5. Support and celebrate male friendships and male-only spaces
One of the most damaging cultural messages of the last several decades is that male-only spaces are a detriment to society, so more and more men get all their emotional needs met by their romantic partner. This isolates them. Men need other men. They need spaces where they can be competitive, silly, or supportive without translating everything for a woman.
Encourage his friendships with other good men. Celebrate when he goes on a fishing trip, goes out with a group of friends, plays in a league, or attends a men’s weekend trip. Don’t treat his time with his friends as time stolen from you. Healthy male community gives him perspective, accountability, and belonging that no single woman can fully provide. When you champion those relationships, you're strengthening the entire support network around him.
6. Help him reconnect with purpose and physical discipline
Many men who are struggling have lost a sense of forward momentum. They feel like they’re failing as providers, protectors, or fathers. You can gently encourage small, consistent steps that rebuild confidence: regular exercise, lifting weights, getting outside, returning to hobbies that once gave him pride, or taking on a project around the house. Purpose often comes through responsibility. When a man feels useful and capable again, his mental health almost always improves. You’re not his personal trainer or life coach. You’re simply the woman who believes in him enough to keep reminding him of his own strength and to create an environment where that strength can show up again.
The instinct to stand beside our men when they’re hurting is not a burden we must escape but one of the most powerful forces we possess for saving marriages, stabilizing families, and strengthening communities.
We’re nurturers at our core, and that’s a good thing. The instinct to stand beside our men when they’re hurting is not a burden we must escape but one of the most powerful forces we possess for saving marriages, stabilizing families, and strengthening communities. The alternative, telling women to step back and let men figure it out alone, will not work. We have record rates of male suicide, addiction, and loneliness. Our men need us, but they need us equipped.
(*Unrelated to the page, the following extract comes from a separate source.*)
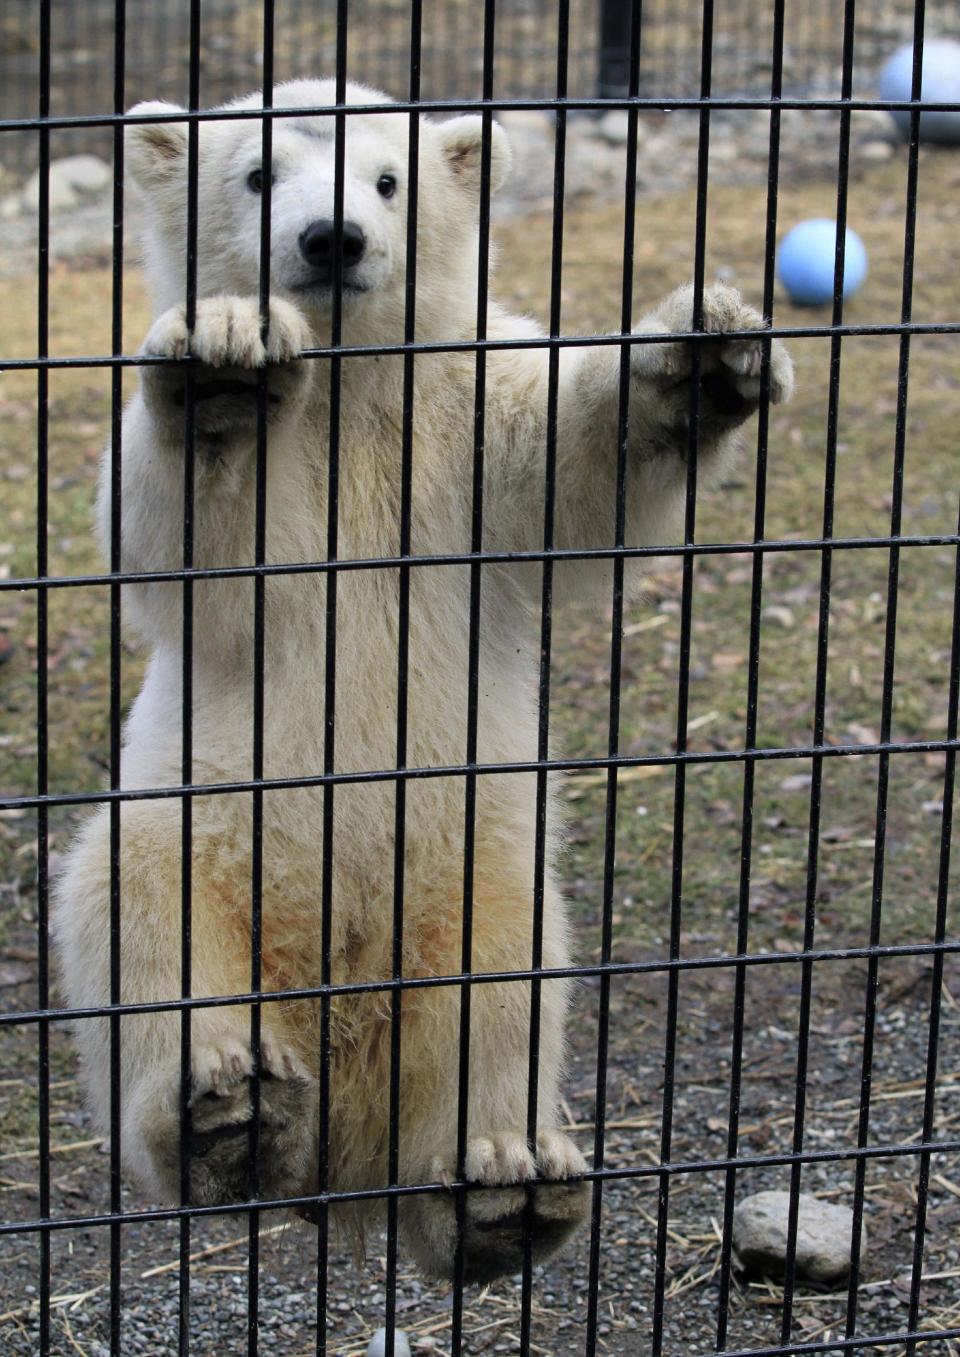 Kali, a polar bear cub orphaned when its mother was killed by a hunter in northwest Alaska, climbs the screen of his cage on Monday, May 13, 2013, at the Alaska Zoo in Anchorage, Alaska. UPS will fly the cub Tuesday to its new temporary home at the Buffalo Zoo. (AP Photo/Dan Joling)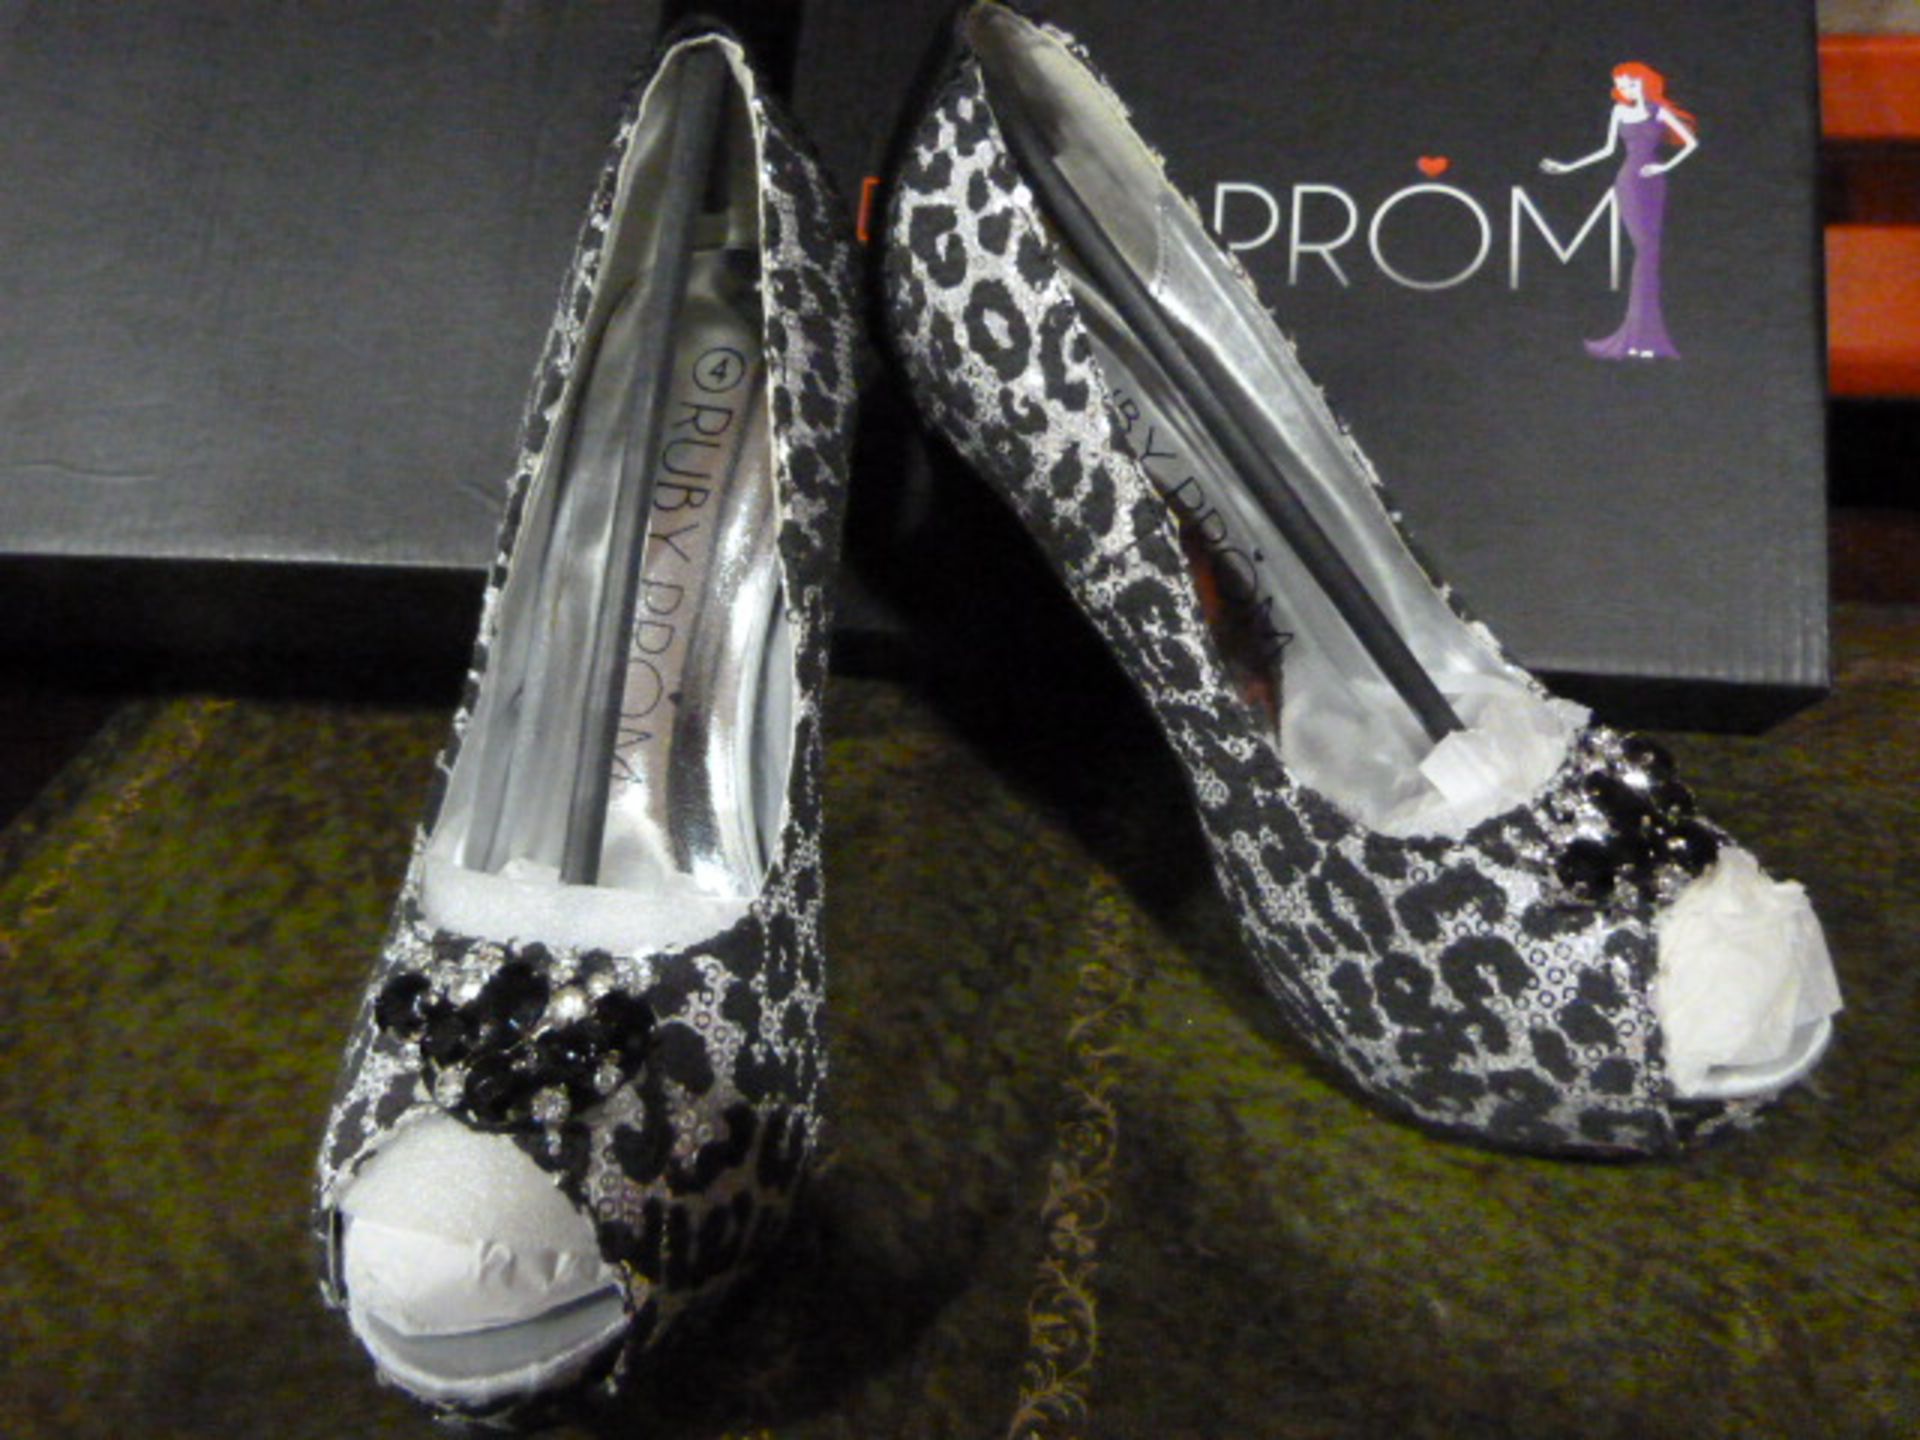 *Six Pairs of Ruby Prom "Tailor" Black Prom Shoes

That’s why sharing knowledge matters. When one woman learns how to support her husband more effectively, she can pass that wisdom to her sister, her daughter, or her friend. We don’t have to do this perfectly. We don’t have to do it alone. We simply have to stop treating the desire to help the men we love as something shameful and start treating it as the serious, life-giving responsibility it actually is.
The man I lost deserved better tools than the ones I had at twenty-something. The men in our lives today deserve better tools than the ones culture is currently handing us. Let’s give them to each other.